> TASK DESCRIPTION:
The required output is a verbatim transcription of the listing, pictures excluded.

> PROVIDED MATERIAL:
* * * *

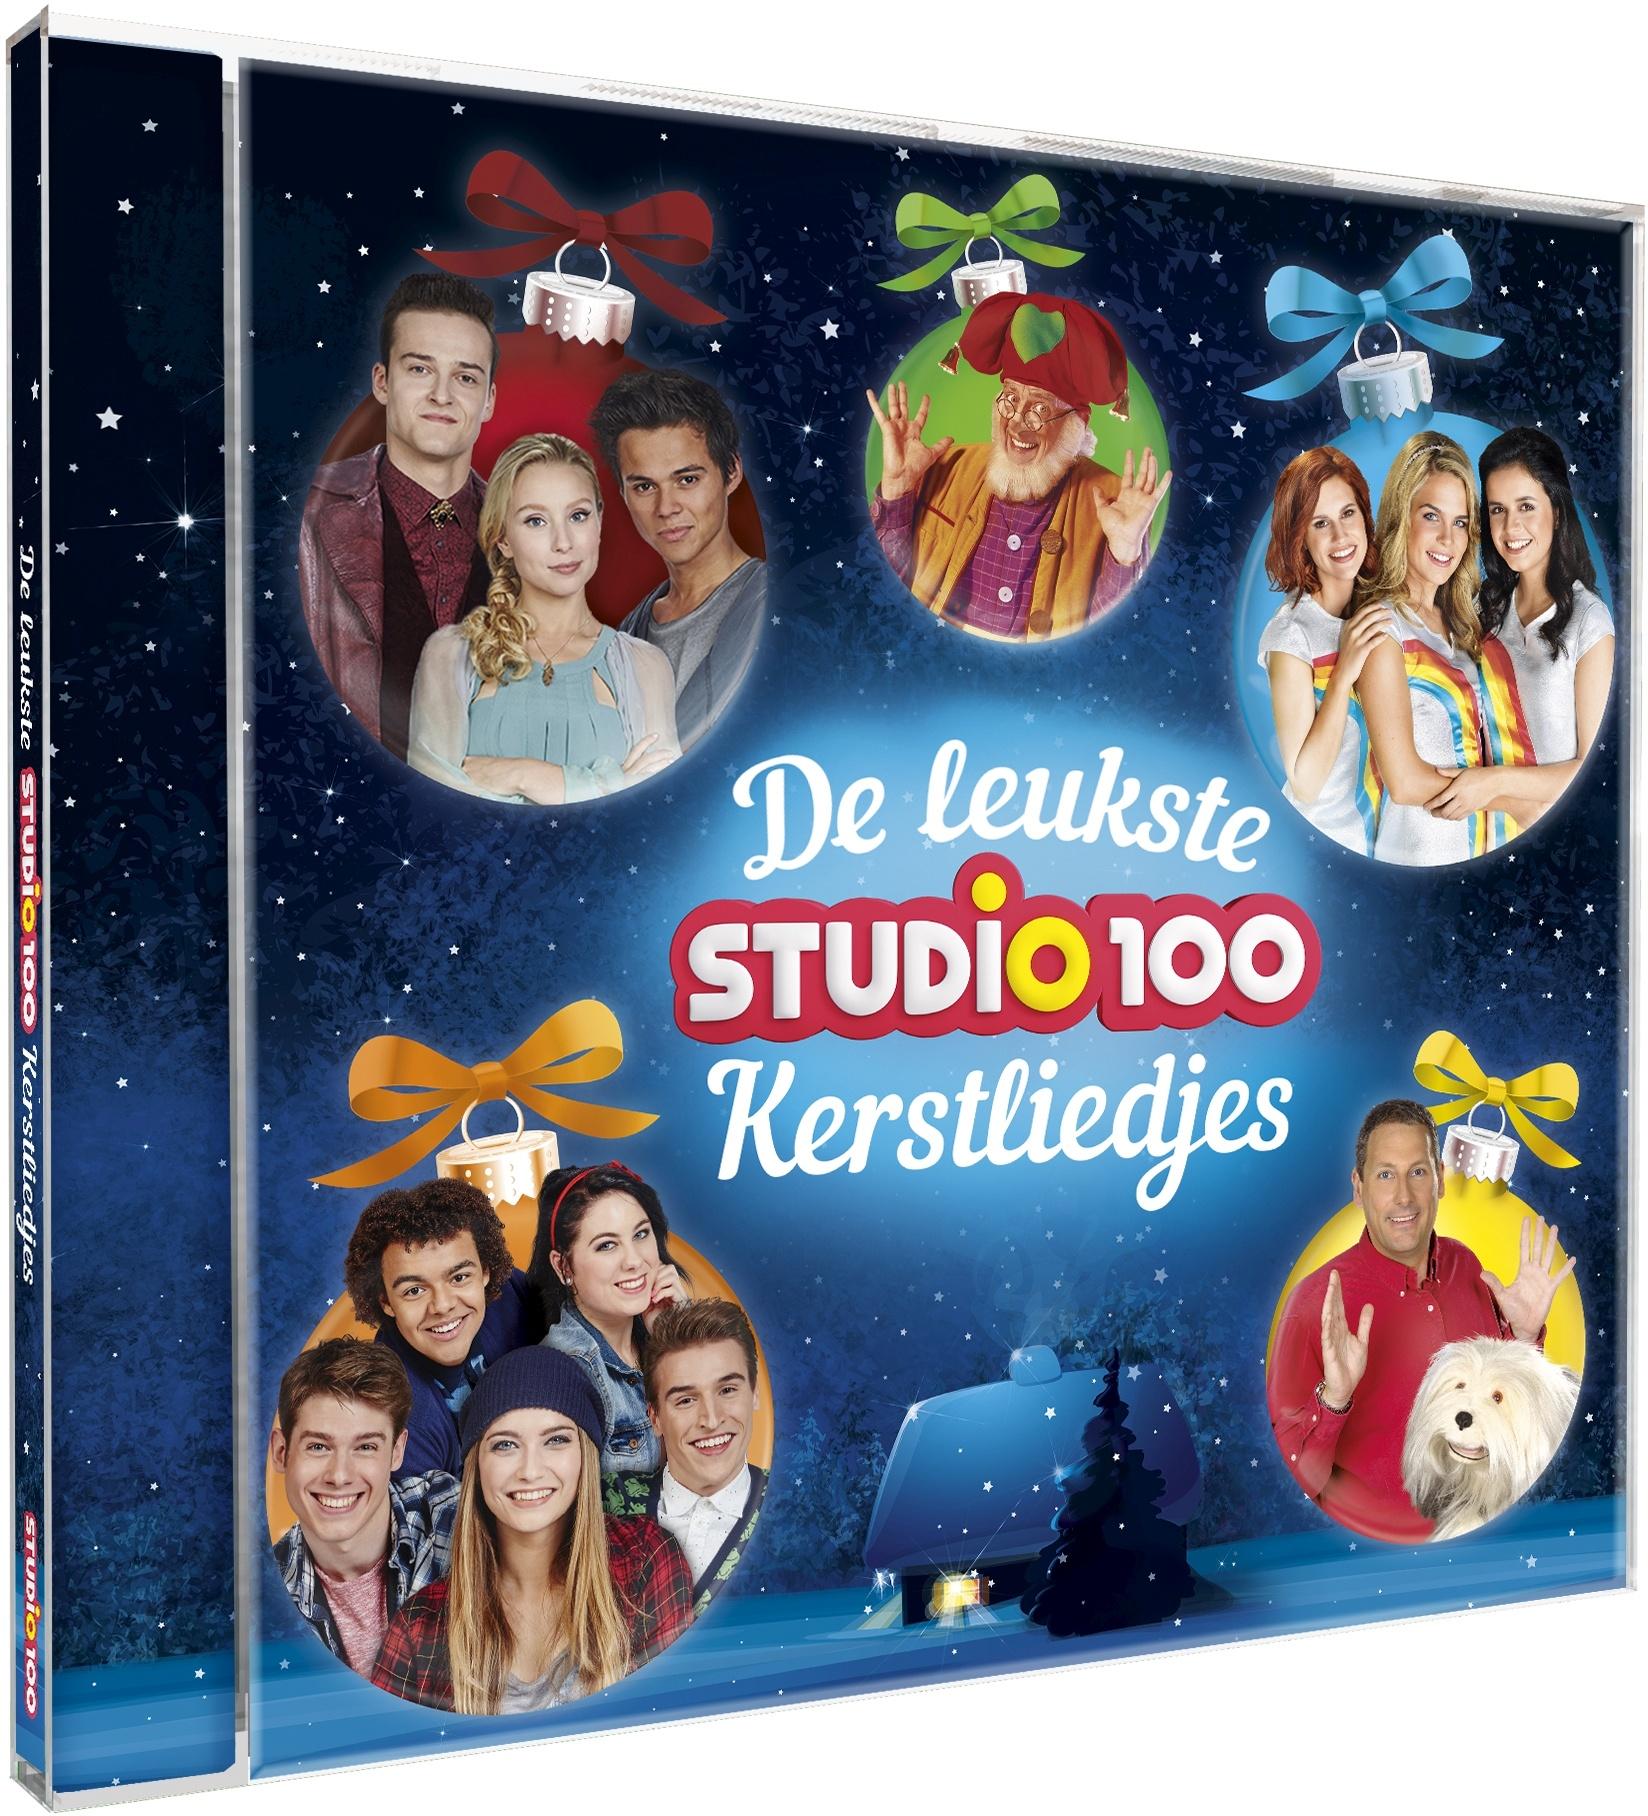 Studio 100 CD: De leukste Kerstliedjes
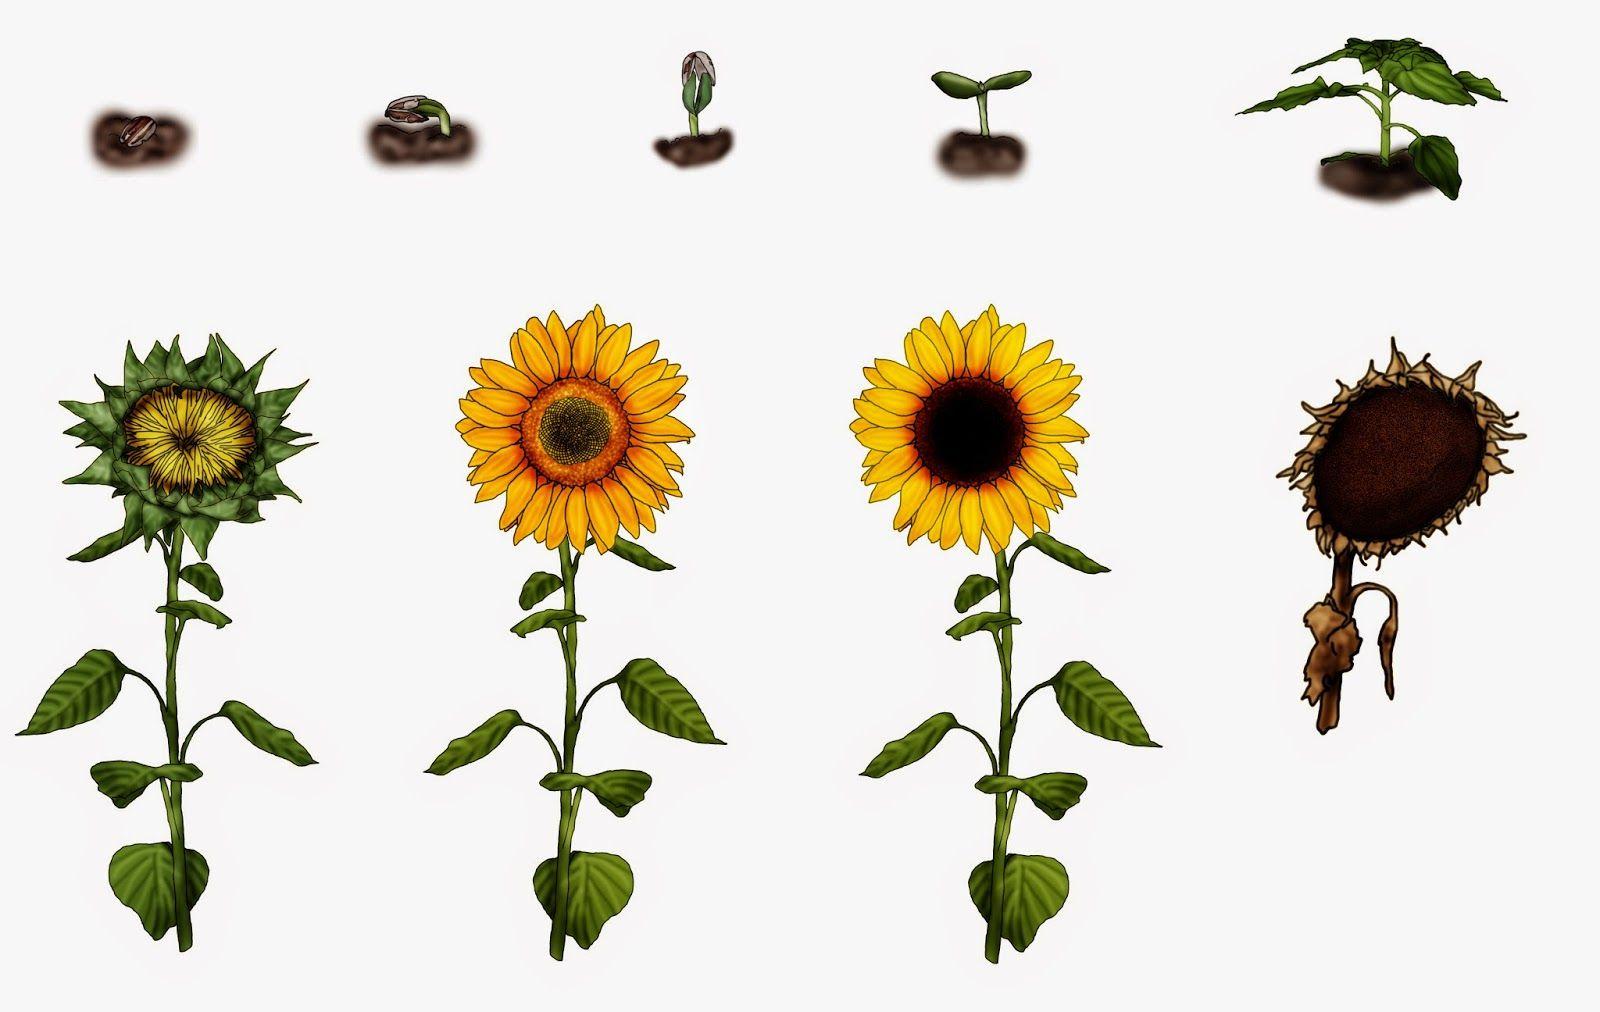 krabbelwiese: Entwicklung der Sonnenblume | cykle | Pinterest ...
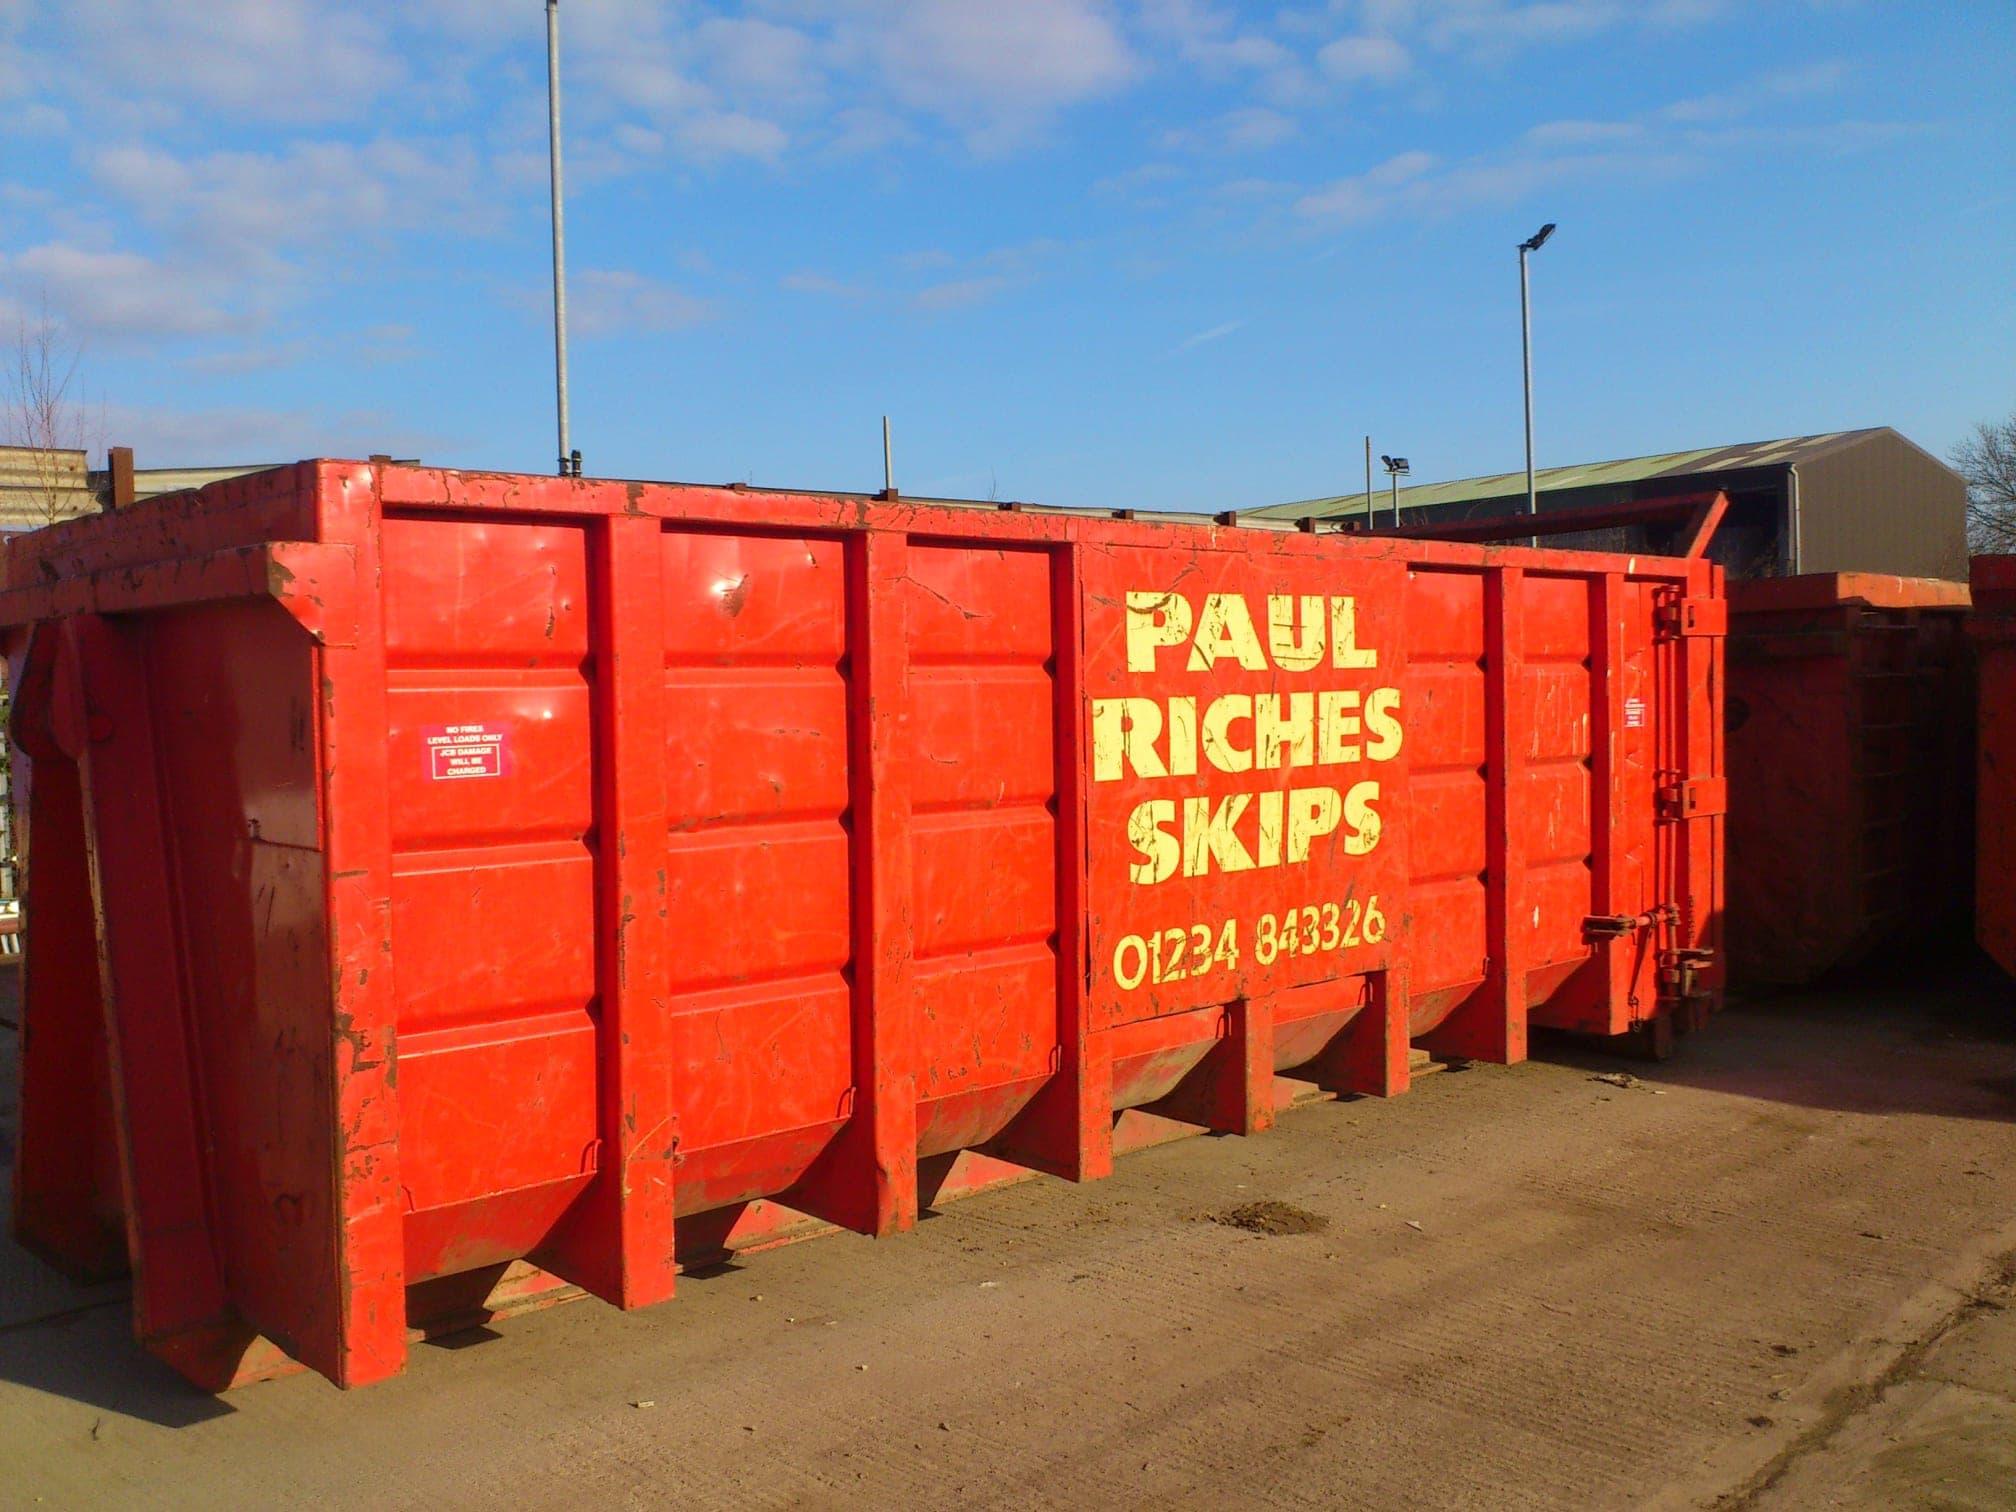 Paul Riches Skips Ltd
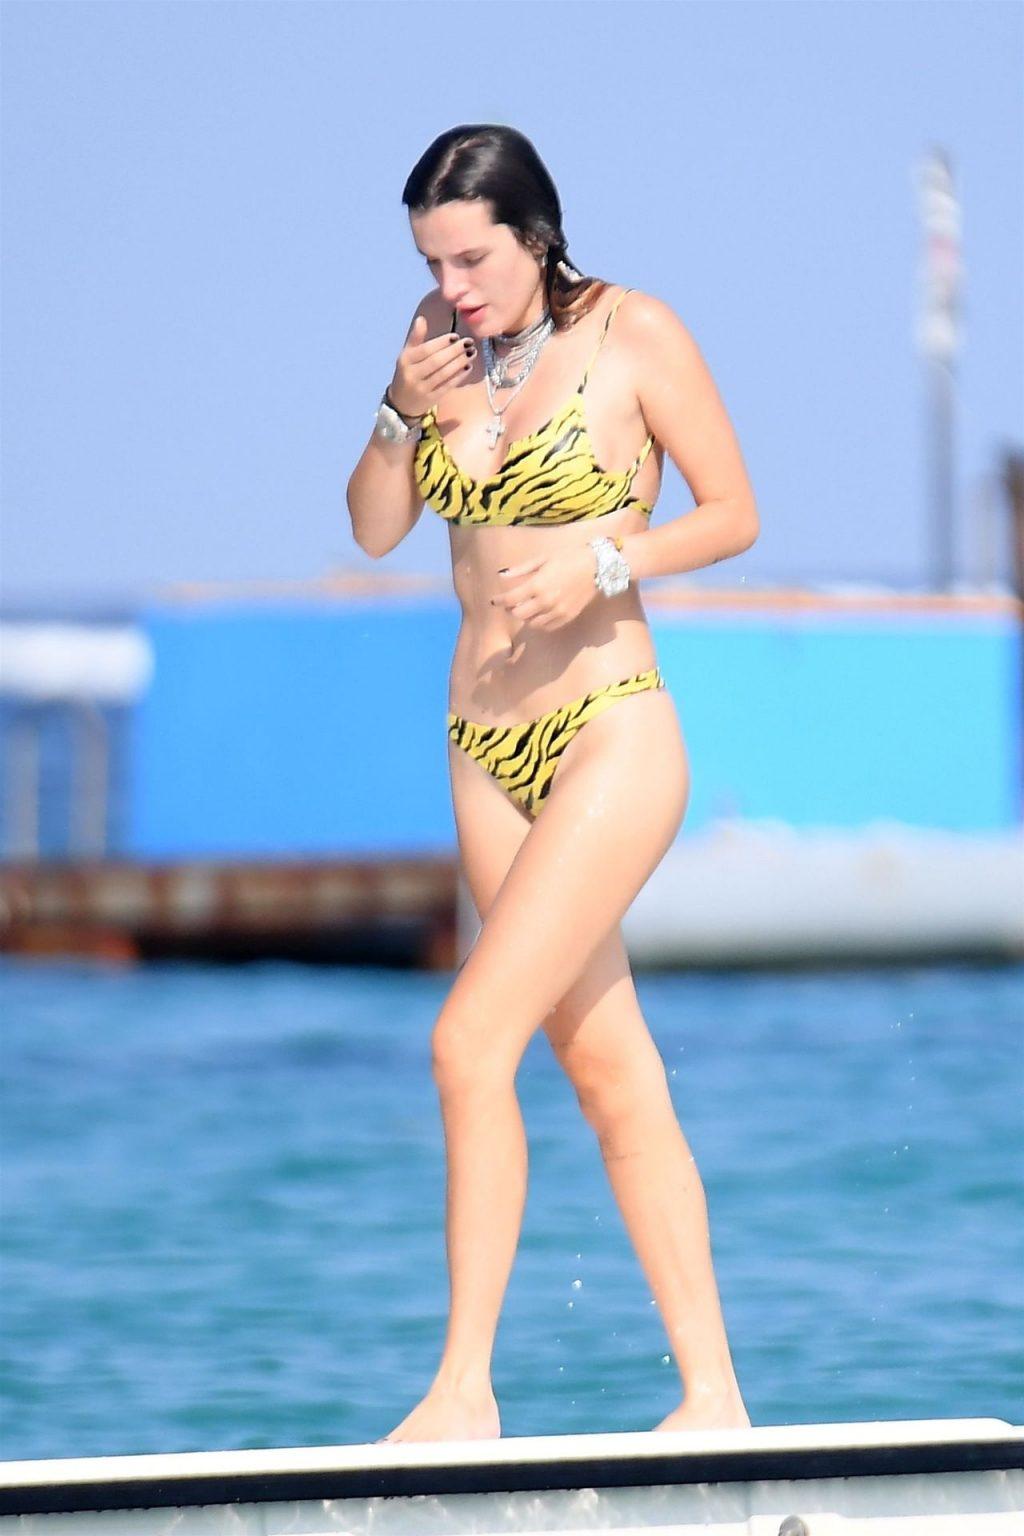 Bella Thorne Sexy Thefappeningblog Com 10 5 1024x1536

* * * *

> PROBLEM SOLUTION:
 Studio 100 CD: De leukste Kerstliedjes
 krabbelwiese: Entwicklung der Sonnenblume | cykle | Pinterest ...
 Paul Riches Skips Ltd
 Bella Thorne Sexy Thefappeningblog Com 10 5 1024x1536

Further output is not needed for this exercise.